CachePool

⚠️ This repository is under active development. Interfaces and build flows may change.

Overview

CachePool is a Snitch–Spatz–based many-core system with a shared L1 data cache ("CachePool") and DRAMSys-backed main memory. Configuration is centralized in config/config.mk and propagated automatically to:

SystemVerilog (via VLOG_DEFS at compile time)
The Spatz cluster generator (via an auto-generated config/cachepool.hjson)

System Hierarchy

Level	Module	Description
1	Core Complex (CC)	One 32-bit Snitch + one Spatz RVV accelerator
2	Tile	4 CCs + 4 × 64 KiB 4-way InSitu-Cache banks
3	Group	4 Tiles connected via crossbar
4	Cluster (WIP)	Multiple Groups connected via NoC (currently one Group)
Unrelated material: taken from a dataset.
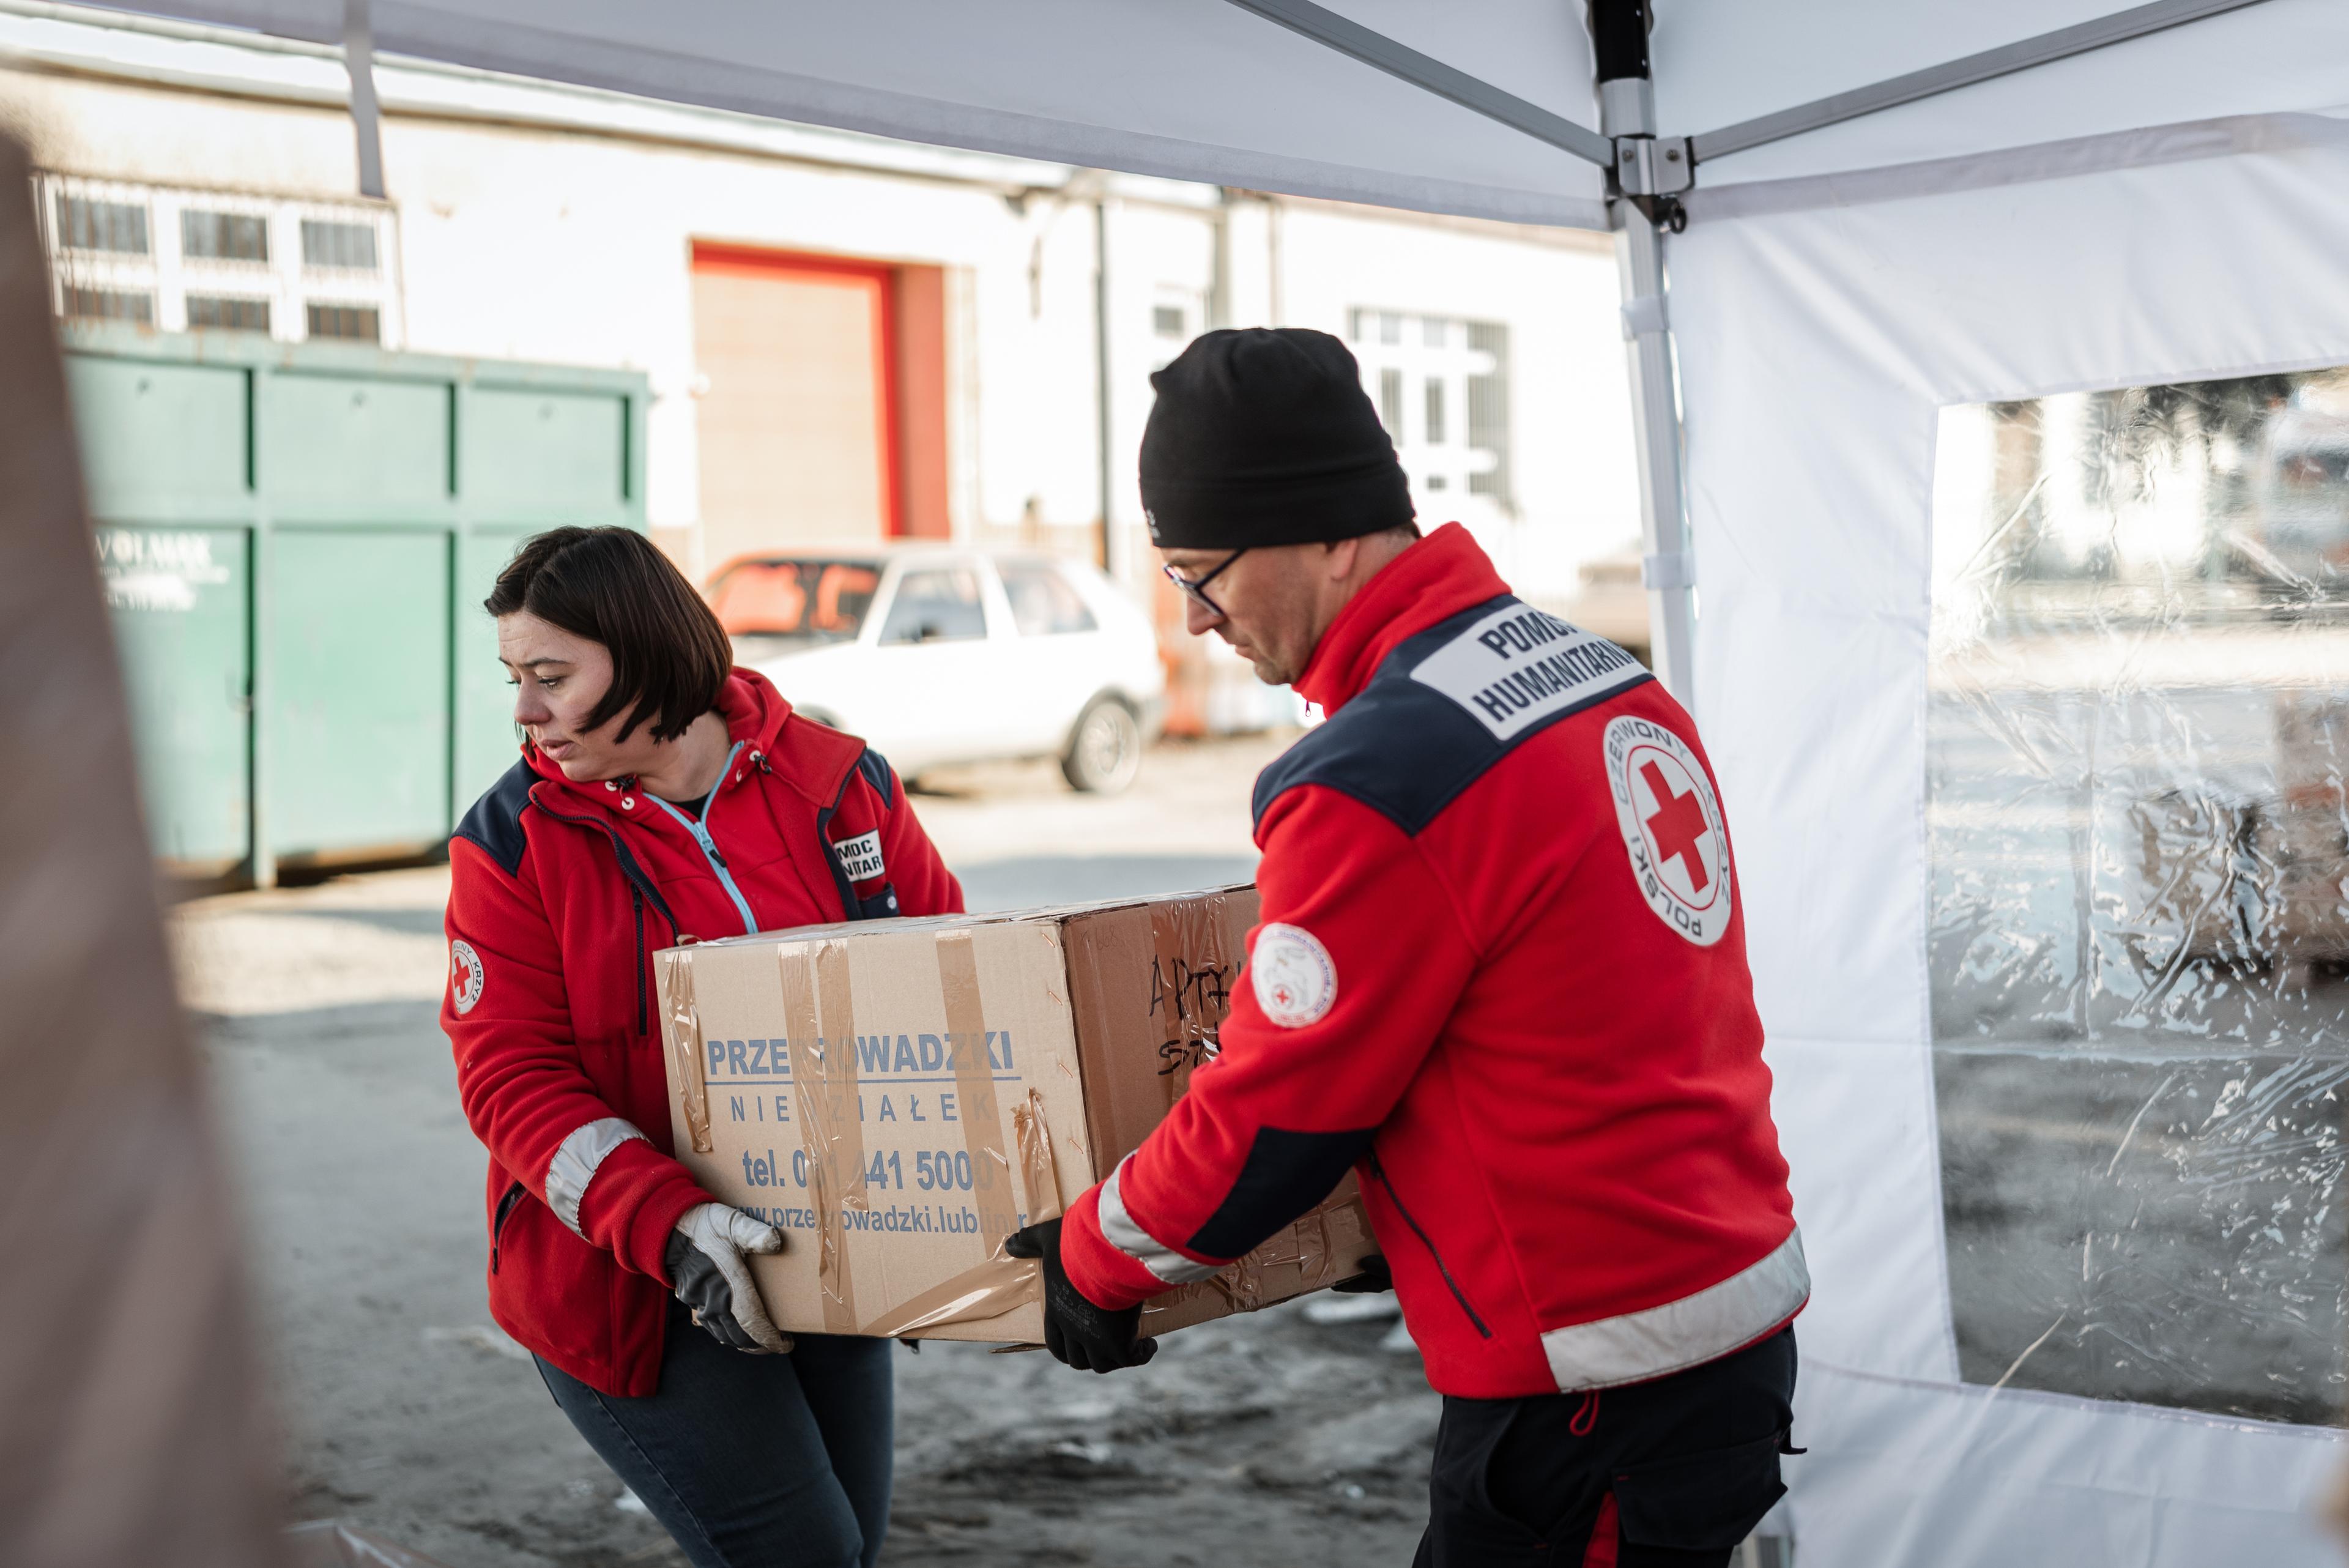 Eine Helferin und ein Helfer vom Polnischen Roten Kreuz tragen gemeinsam eine Kiste aus Karton. Vermutlich handelt es sich um Hilfsgüter.
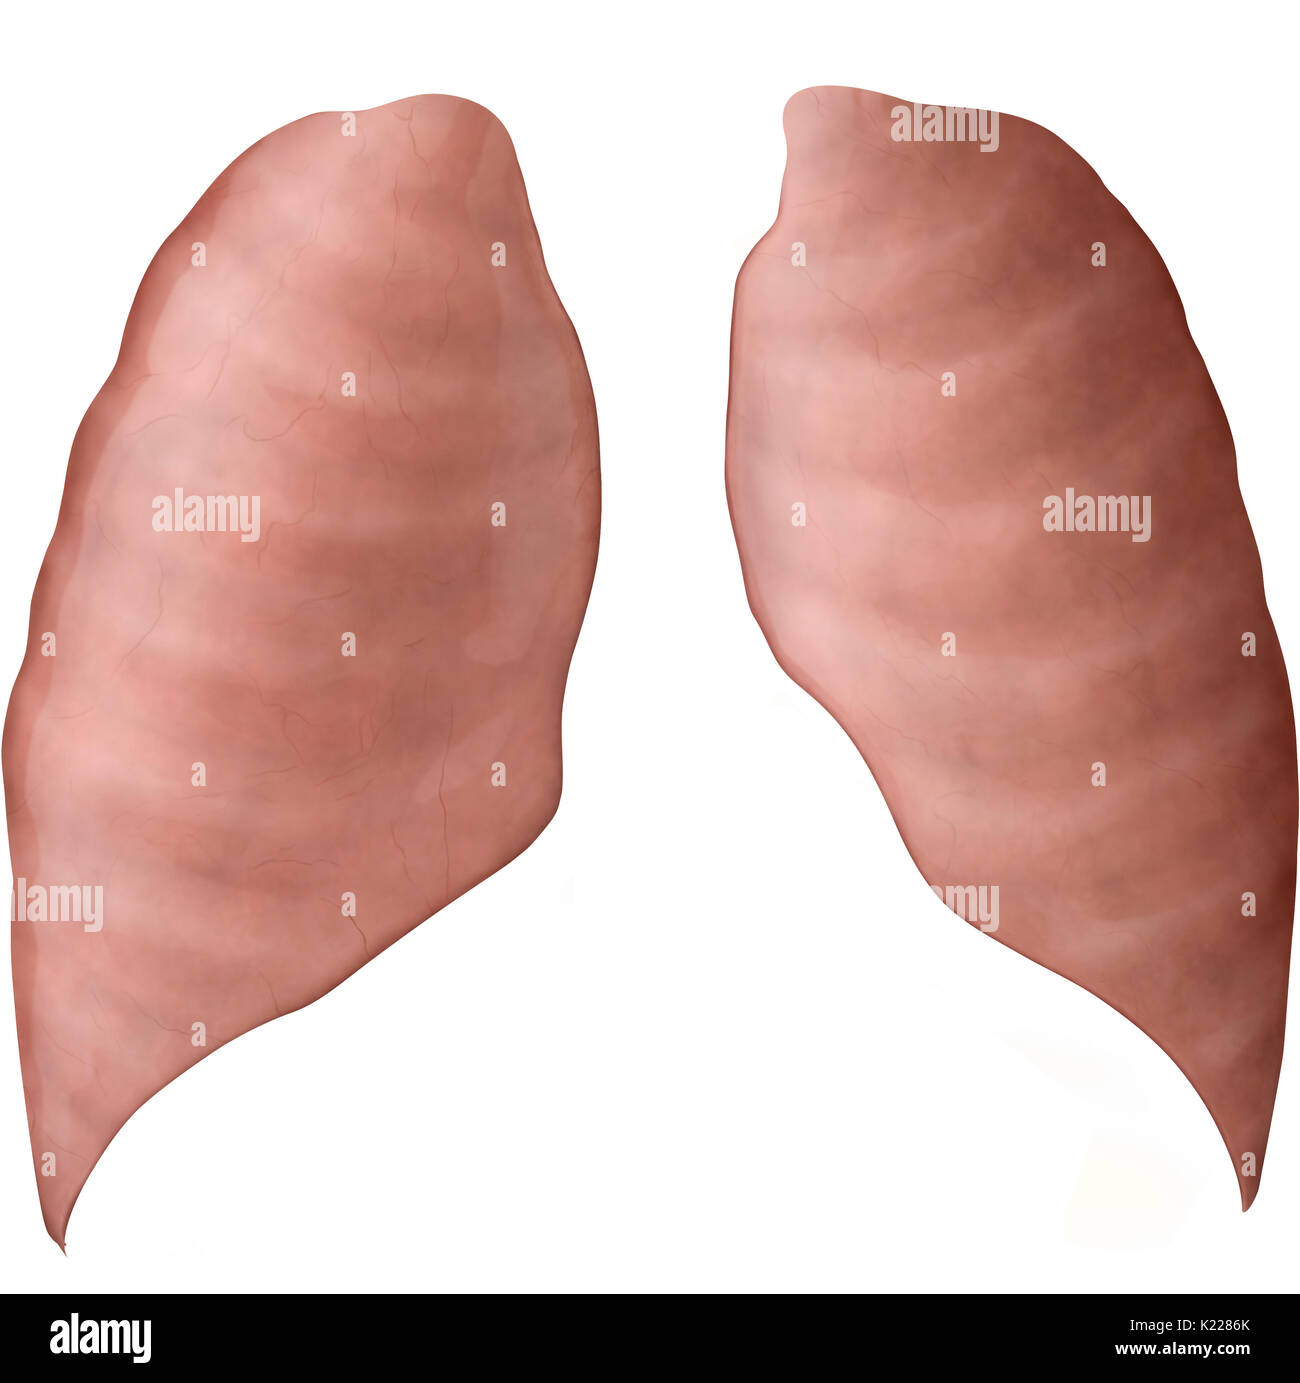 Gli organi respiratori formata da tessuto estensibile, in cui aria dal naso e cavità orale è portato, garantendo l'ossigenazione del sangue. Foto Stock

All tiles in a cluster share one unified L1 cache, interleaved across cache banks. The bank-selection offset is configurable at runtime via l1d_xbar_config(...).

Requirements

Linux environment with: make, git, python3, wget, curl
CMake ≥ 3.28, GCC/G++ ≥ 11.2
QuestaSim (tested with questa-2023.4)
Optional: SpyGlass for lint

Quick Start

Build Toolchains

This repository uses Bender to manage dependencies and generate simulation scripts. Ensure Bender is installed, or build it locally:

make bender

Build the RISC-V toolchains (LLVM + GCC). Spike (riscv-isa-sim) is also available through a dedicated target:

make toolchain

For ETH users, a pre-built toolchain is available for faster setup:

# ETH only: link a prebuilt toolchain
make quick-tool

Initialize Submodules

Use Bender to initialize all required submodules:

make init

Build DRAMSys

DRAMSys must be compiled before simulation. Tool versions can be overridden inline:

make dram-build CMAKE=/path/to/cmake-3.28.x CC=/path/to/gcc-11.2 CXX=/path/to/g++-11.2

Generate Required RTL

Some RTL components (e.g., package headers) must be generated prior to simulation. Generation requires specifying a configuration. If none is provided, the default is cachepool_512.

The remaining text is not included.